The Faculty is a member of the Council for Work and Health and The Academy of Medical Royal Colleges.

== History ==
The organisation was established in 1978 as a faculty of the Royal College of Physicians, becoming an independent body with its own governance, membership and finances in December 1992. Originally focused exclusively on the professional development of occupational physicians, the Faculty has since expanded its portfolio of qualifications to include a diplomas aimed at benchmarking the standards of occupational health provision in fields as diverse as general practice, aviation medicine and disability assessment medicine.

==Activities==
The Faculty is primarily responsible for education and training of medical doctors who work in occupational medicine in the UK. It devises and oversees the implementation of the Specialist Curriculum in Occupational Medicine, and administers over postgraduate training within the NHS, armed forces and industry.
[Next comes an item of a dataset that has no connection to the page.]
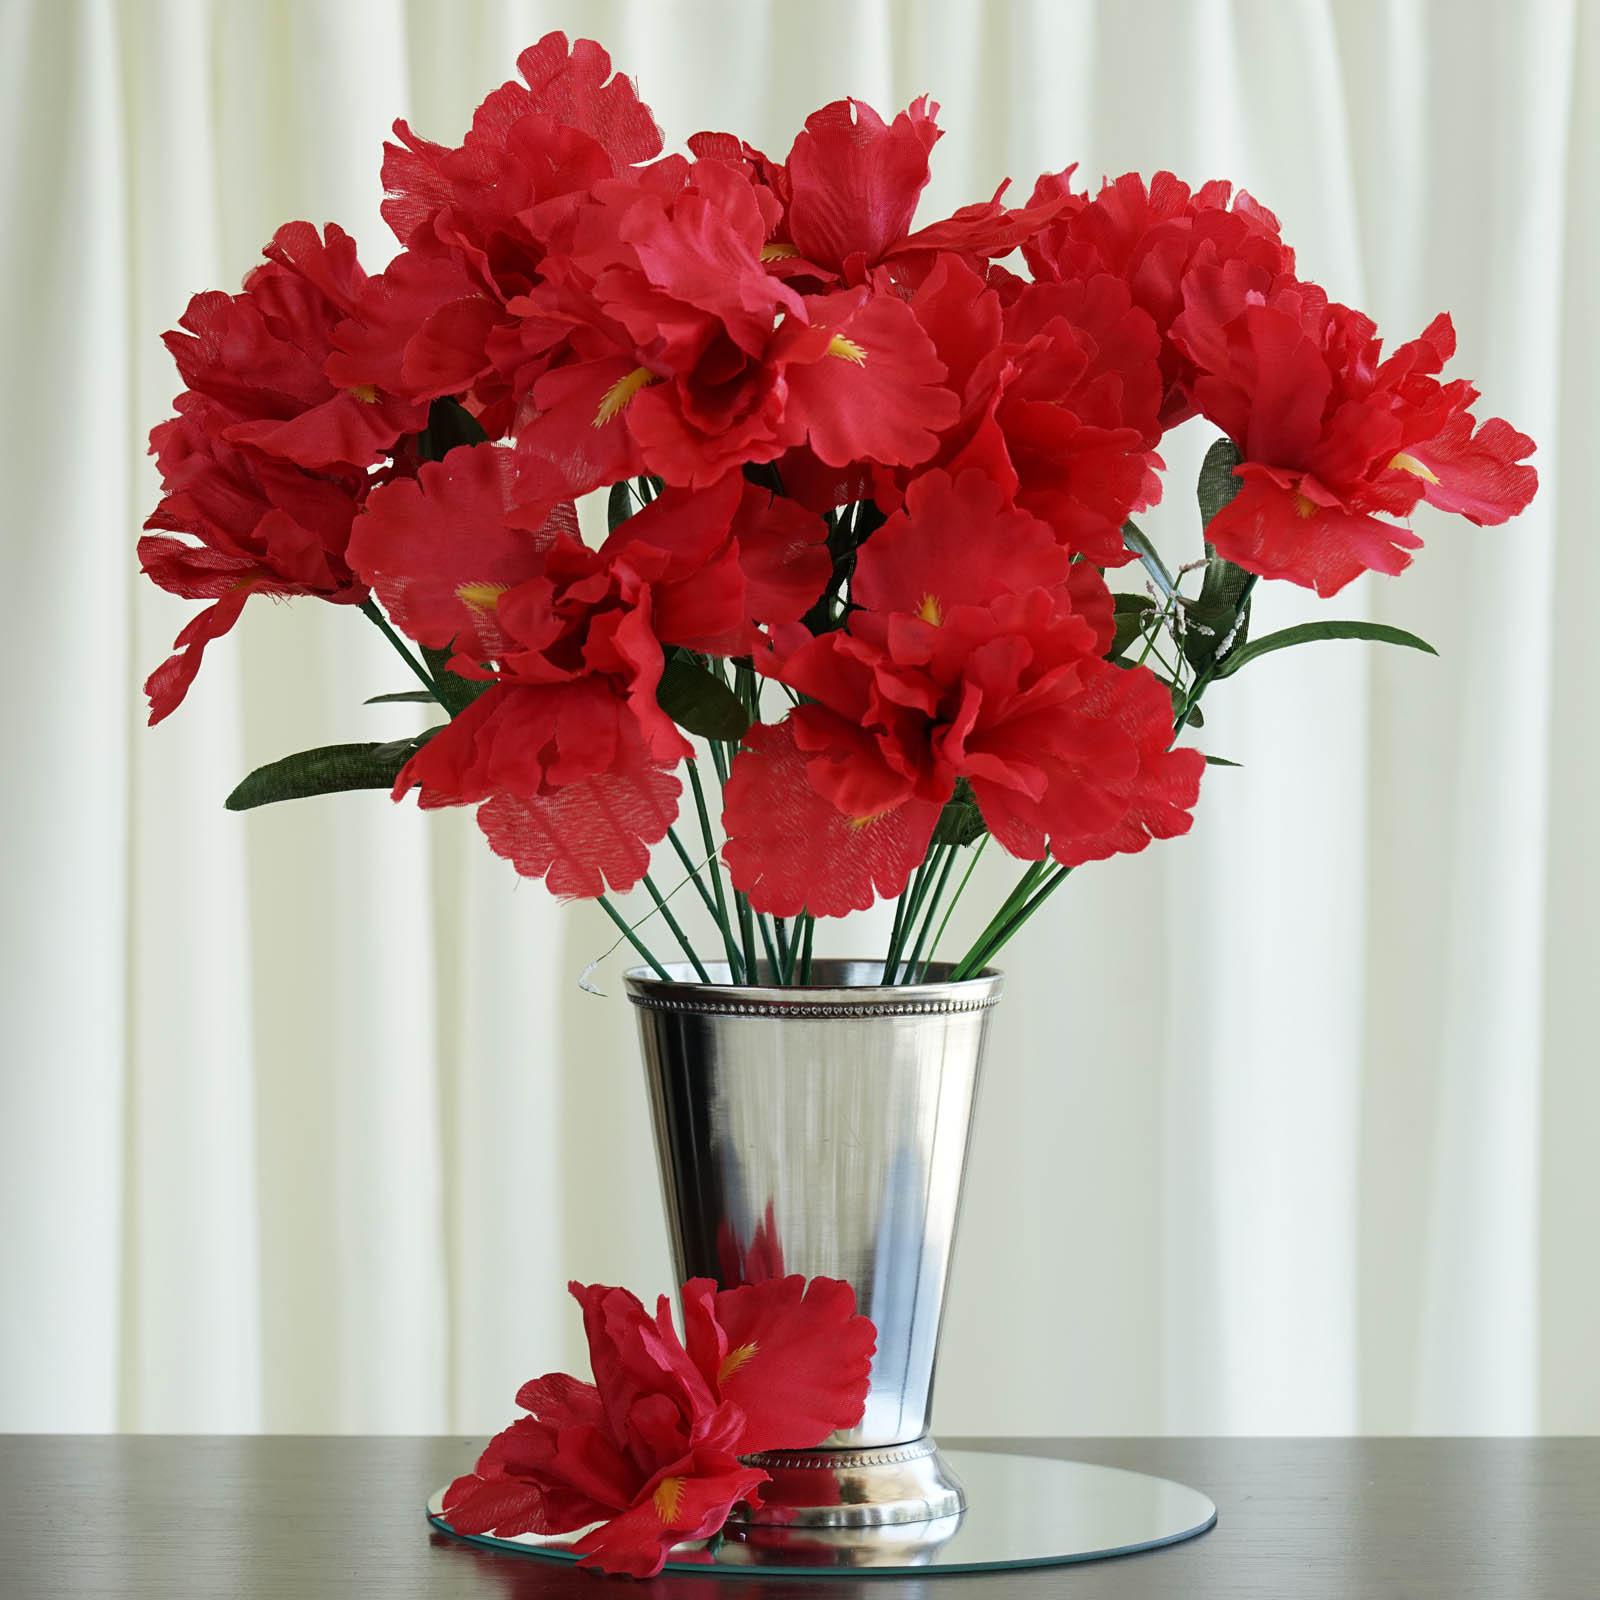 Efavormart 60 pcs Artificial IRIS Flowers for DIY Wedding Bouquet Centerpieces Arrangements Baby Shower Home Decoration - 12 bushes

It also runs the MFOM Part 1 and Part 2 examinations which assess Specialty Registrars throughout their training, successful completion of which leads, in most cases, to entry onto the General Medical Council's specialist register and the ability to use the postnominals MFOM. Election of Members of the Faculty to Fellowship (conferring the postnominals FFOM) is the Faculty's way of recognising those who have made a particularly significant contribution to the practice of occupational medicine, or contributed significantly to the work of the Faculty.

The faculty's official journal is Occupational and Environmental Medicine, a monthly peer-reviewed medical journal which covers research in occupational and environmental medicine. Alongside this the Faculty produces a wide number of publications and guidance papers, including the highly influential Ethics Guidance for Occupational Health Practice, Guidance on Alcohol and Drug Misuse in the Workplace and Fitness for Work: The Medical Aspects, which now in its 5th edition.

==Governance==
The Faculty is governed by a board of trustees which is responsible for the strategic direction of the organisation and for its governance. The board meets four times a year, and to reflect the geographical diversity of members two of these meetings are held at the Faculty offices in London, while the remainder take place in different locations across the UK.

The faculty is registered with the Charity Commission for England and Wales and the Office of the Scottish Charity Regulator (OSCR).